The tool is beautifully simple. You bring your own API key, it scrapes your public comments, and the LLM spits out a personality summary, a quality score, and a few brutal observations. It’s all client-side, no sneaky cookies. Pure, unadulterated algorithmic narcissism.

I got my results. Fable 5 told me I was “highly analytical, occasionally condescending, but ultimately a valuable community member.” I felt seen. I felt vindicated. I felt exactly the warm glow you’d expect from a machine you’ve been told is smarter than most humans.

But then I read the creator’s own admission—the part that made me rethink the whole exercise.

He built the entire app using Fable 5 itself. A few prompts. A few minutes. The model wrote nearly all the code. And then he reviewed it. He found bugs. A cache deletion issue that could leave user data lingering. An ancient API version that had been deprecated. A couple of stray “any” types.

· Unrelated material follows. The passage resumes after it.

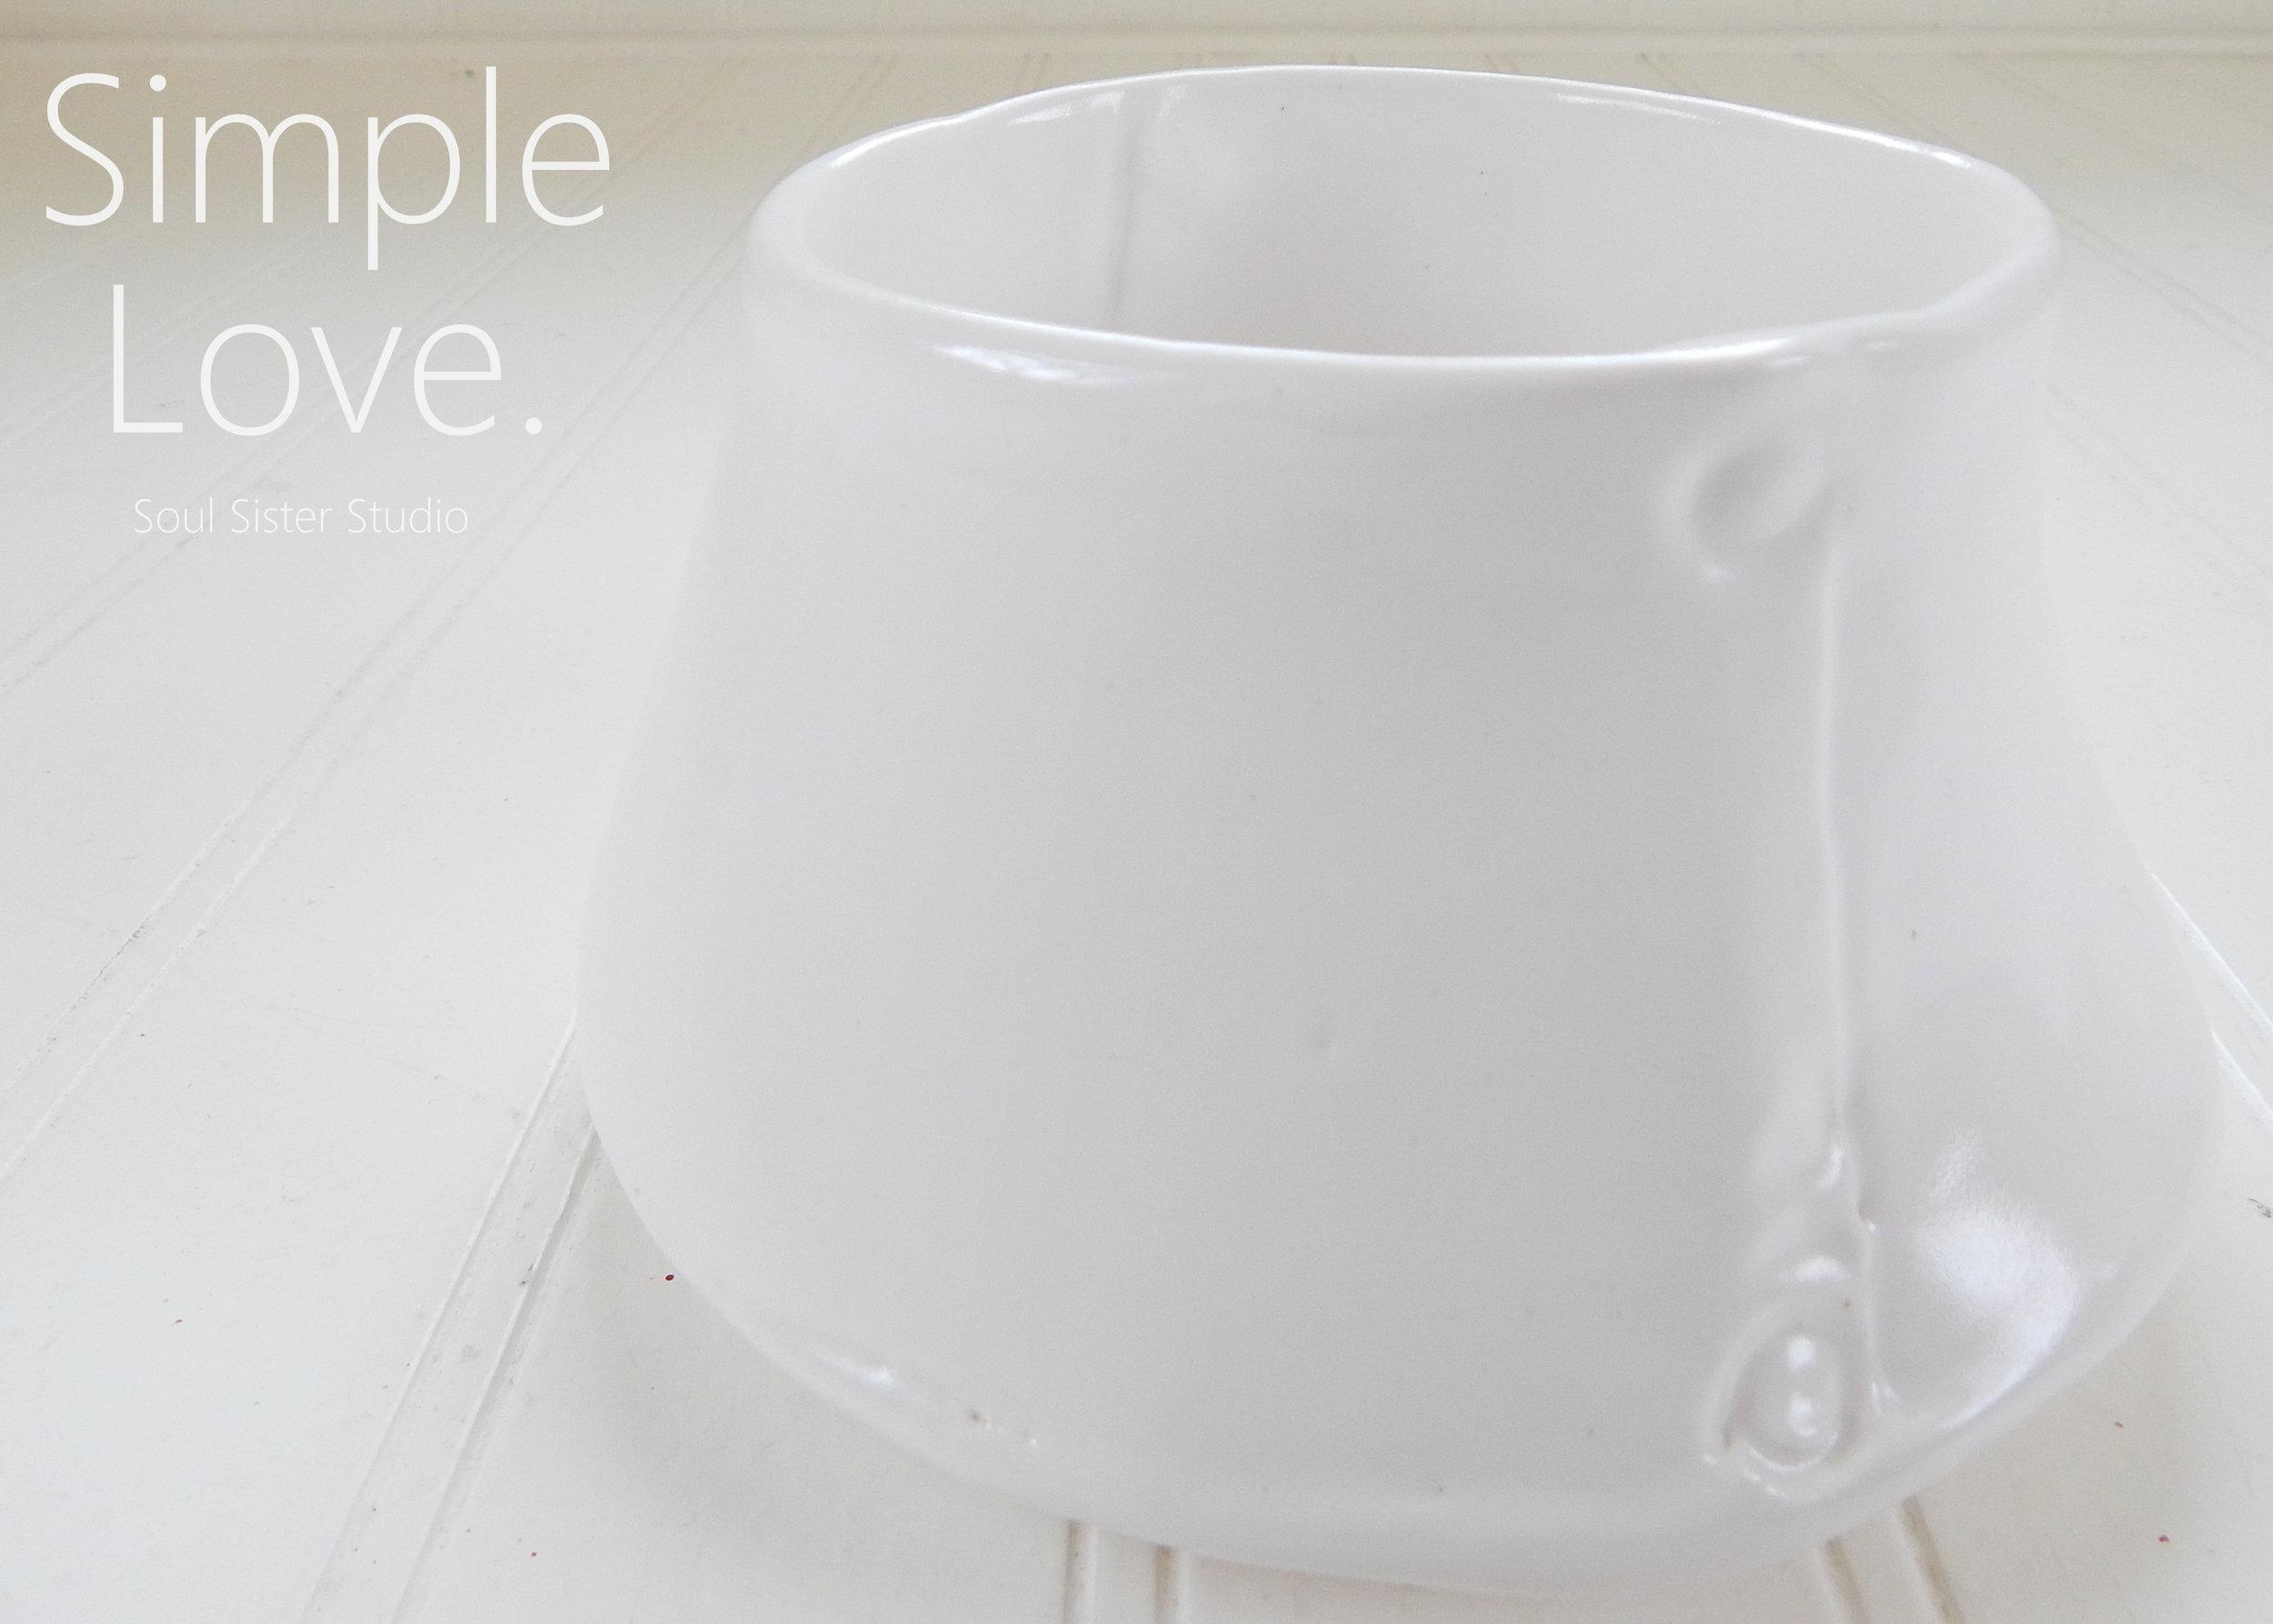 PotteryWhiteSimpleLove2.jpg

These were not subtle issues. They were exactly the kind of mistakes any competent human developer would catch in a five-minute code review. But Fable 5—the same model that had just evaluated my entire personality with eerie accuracy—had let them through.

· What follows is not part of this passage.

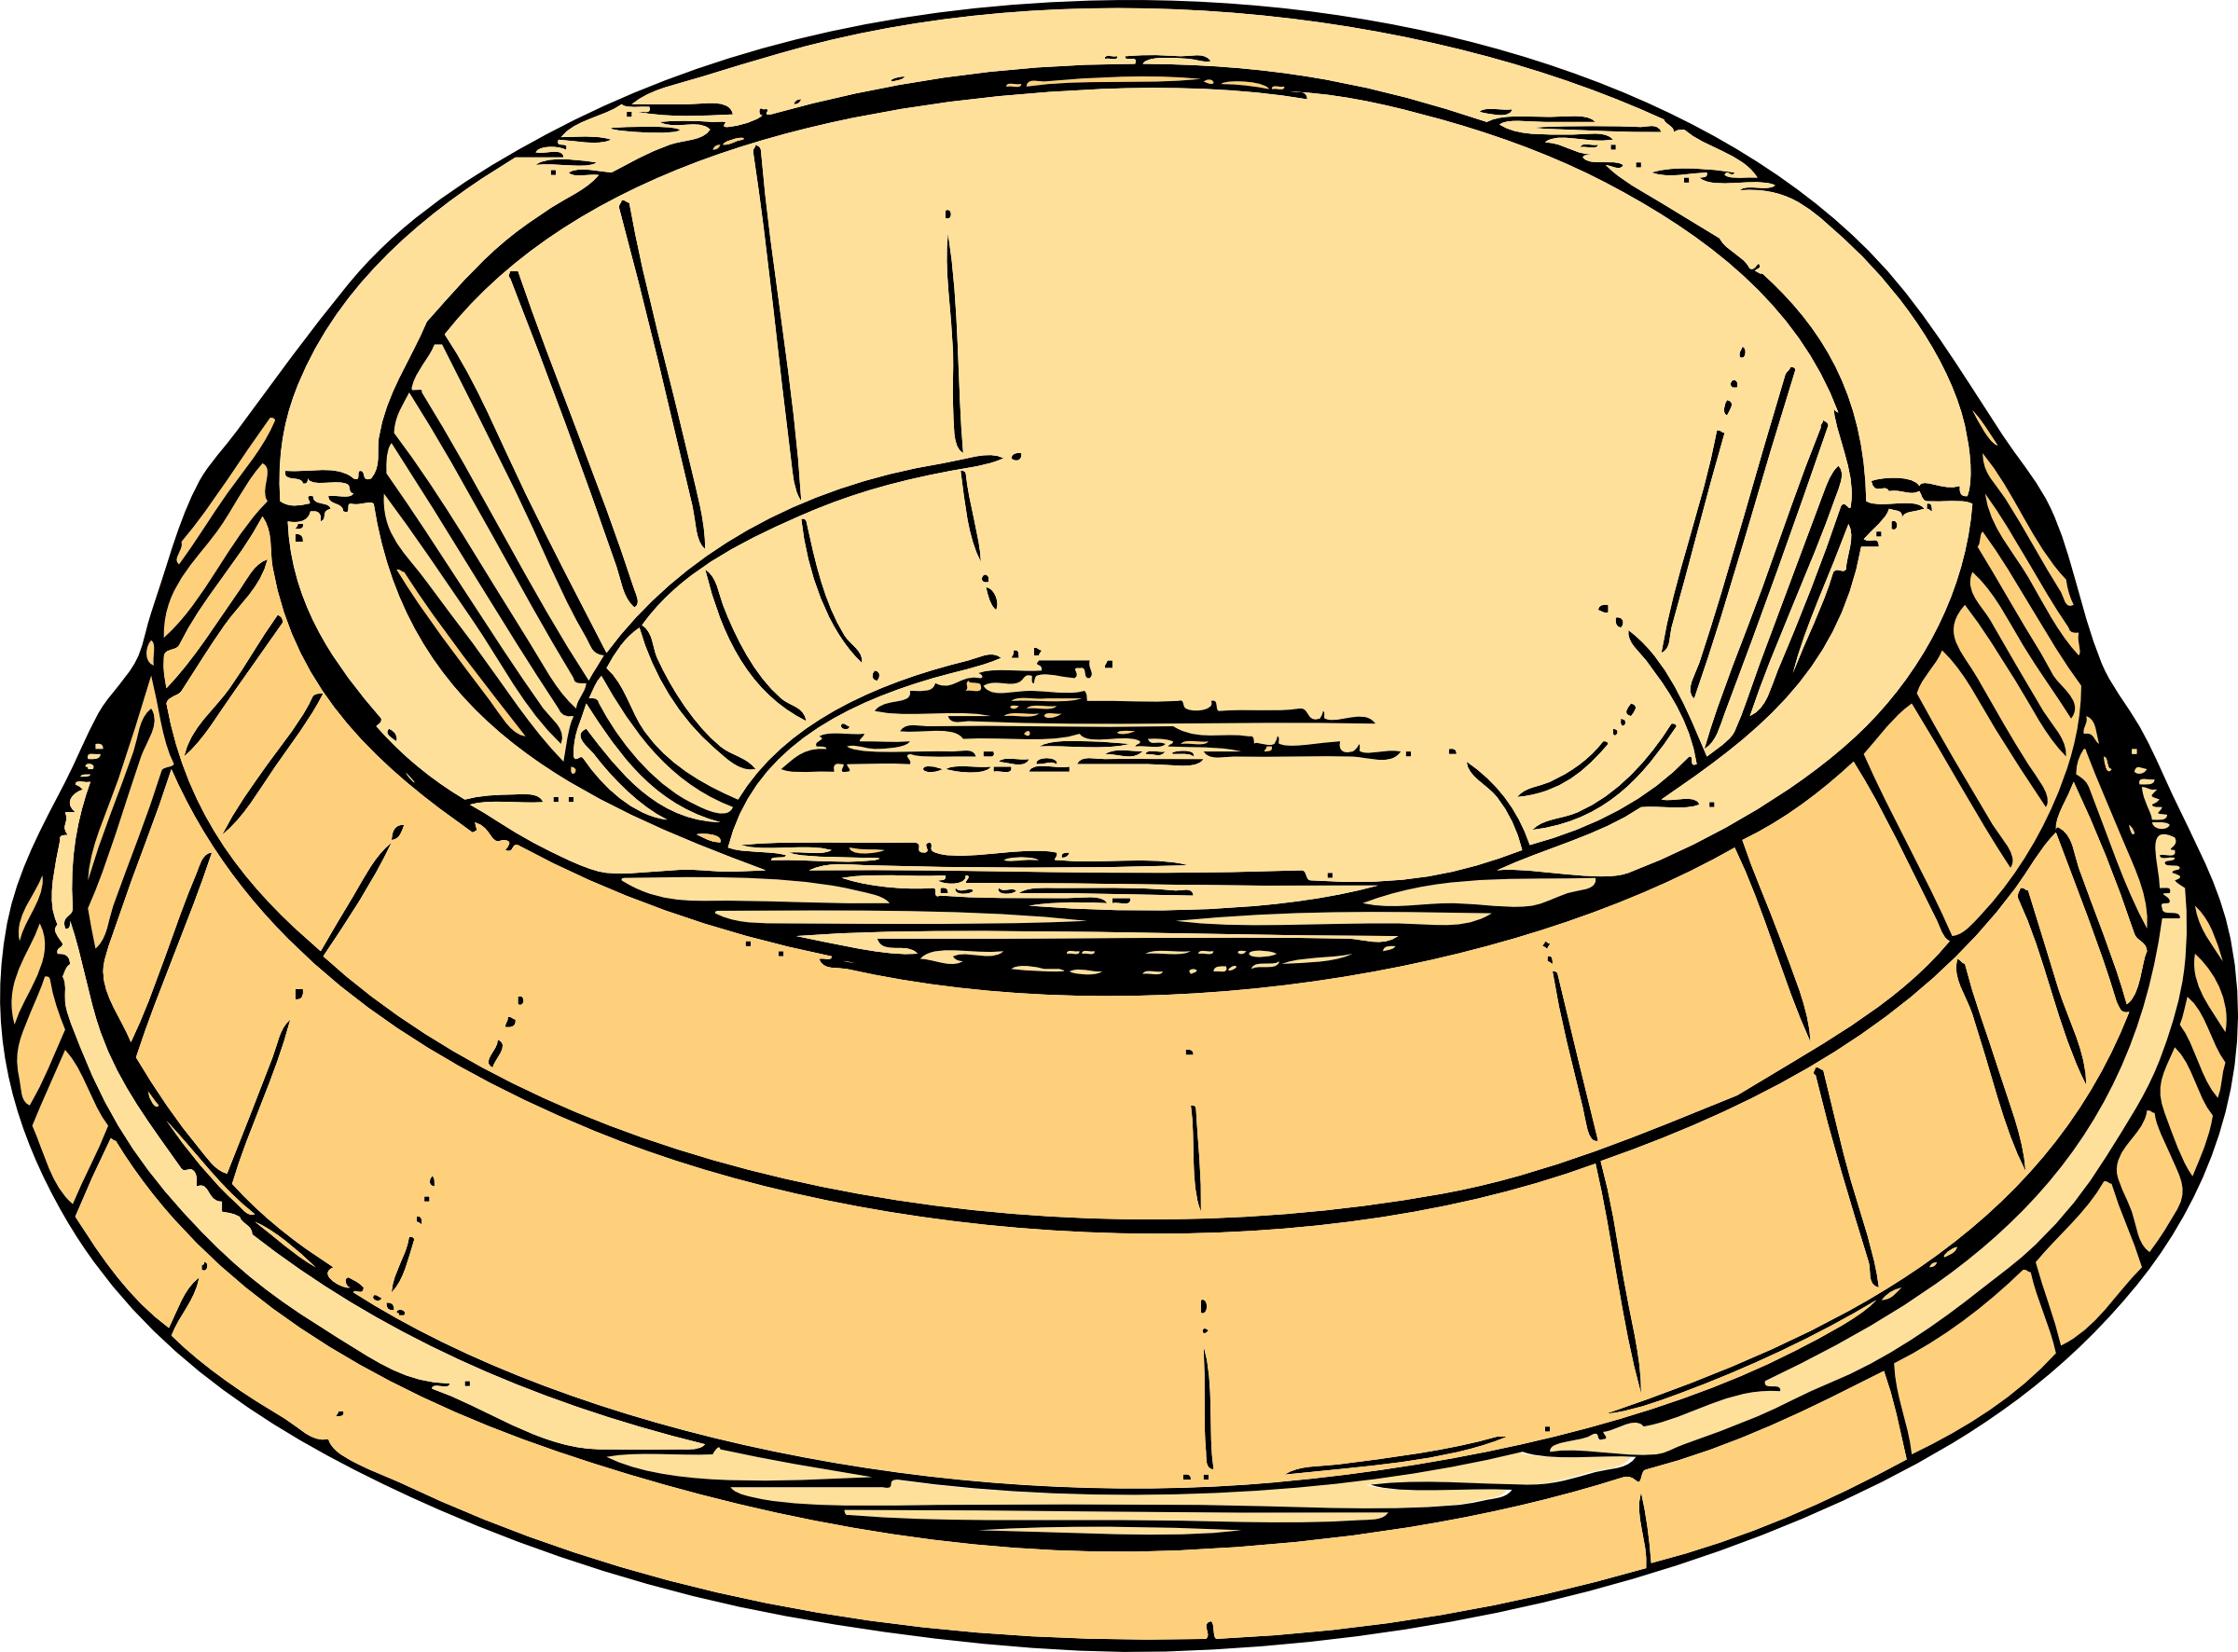 Dog Food Bowl Cartoon

This is the paradox of “super-intelligence”: it can pass the Turing test on your ego and fail the lint check on your code.

I’m not picking on Anthropic. The same thing happens with GPT-4, with Gemini, with every frontier model. We’ve built systems that can write poetry, pass the bar exam, and diagnose diseases, yet they still stumble on cache invalidation—the computer science equivalent of remembering to turn off the stove.

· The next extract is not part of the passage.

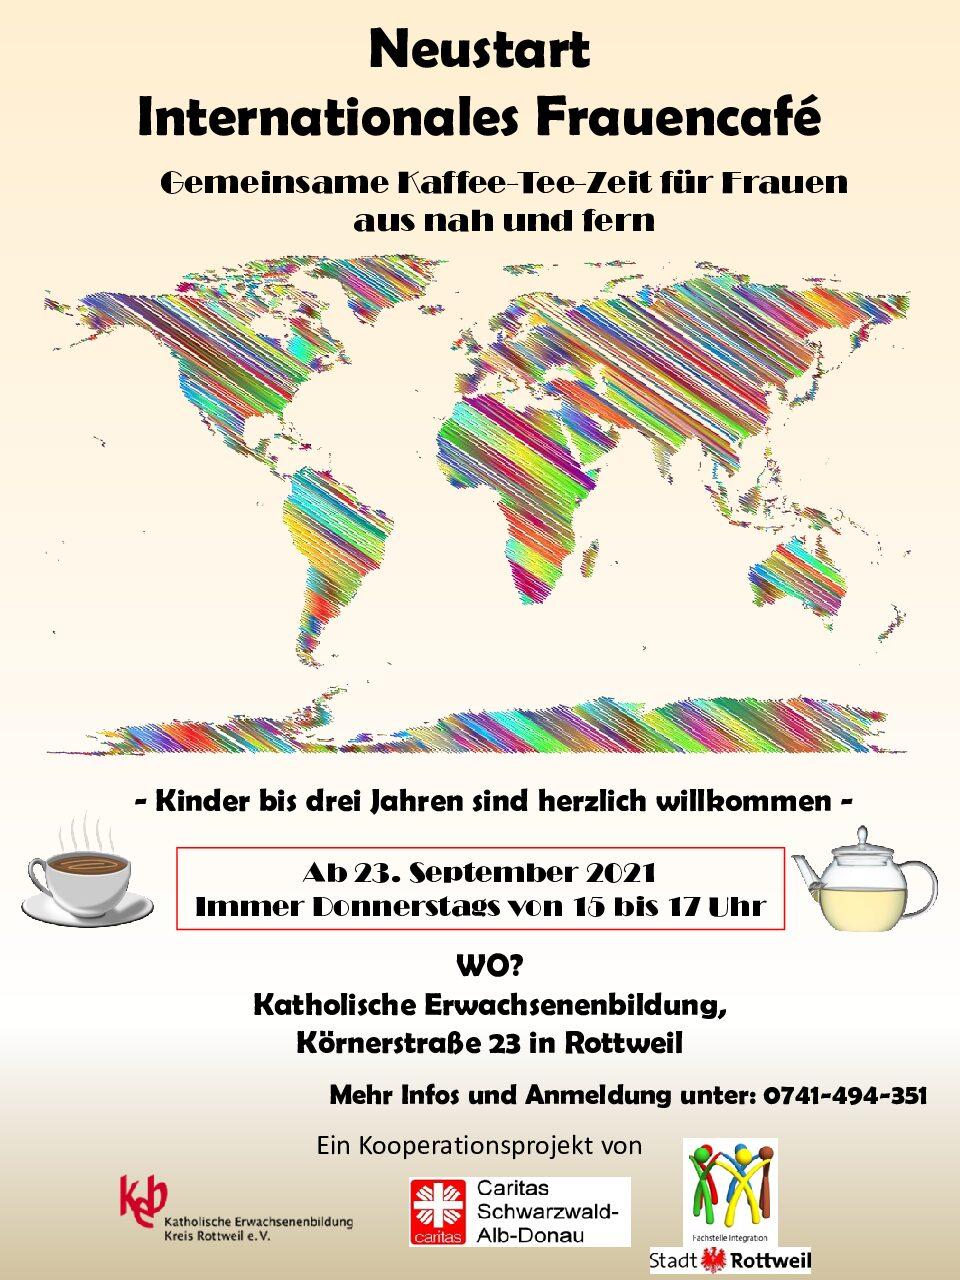 Neustart Internationales Frauencafé am 23.09.2021

The creator’s conclusion is brutally honest: “If such obvious deficiencies can sneak in on such a simple project with such an advanced model, that tells me we are still far from a stage where ‘no review’ is even something we can discuss.”

That sentence should be printed on a poster in every AI lab. We’re so busy celebrating how much code LLMs can generate that we ignore how much of it is subtly wrong. A second pass—whether by a human or another agent—would have caught these bugs. But a second pass isn’t “no review.” It’s just outsourcing the review to a different part of the stack.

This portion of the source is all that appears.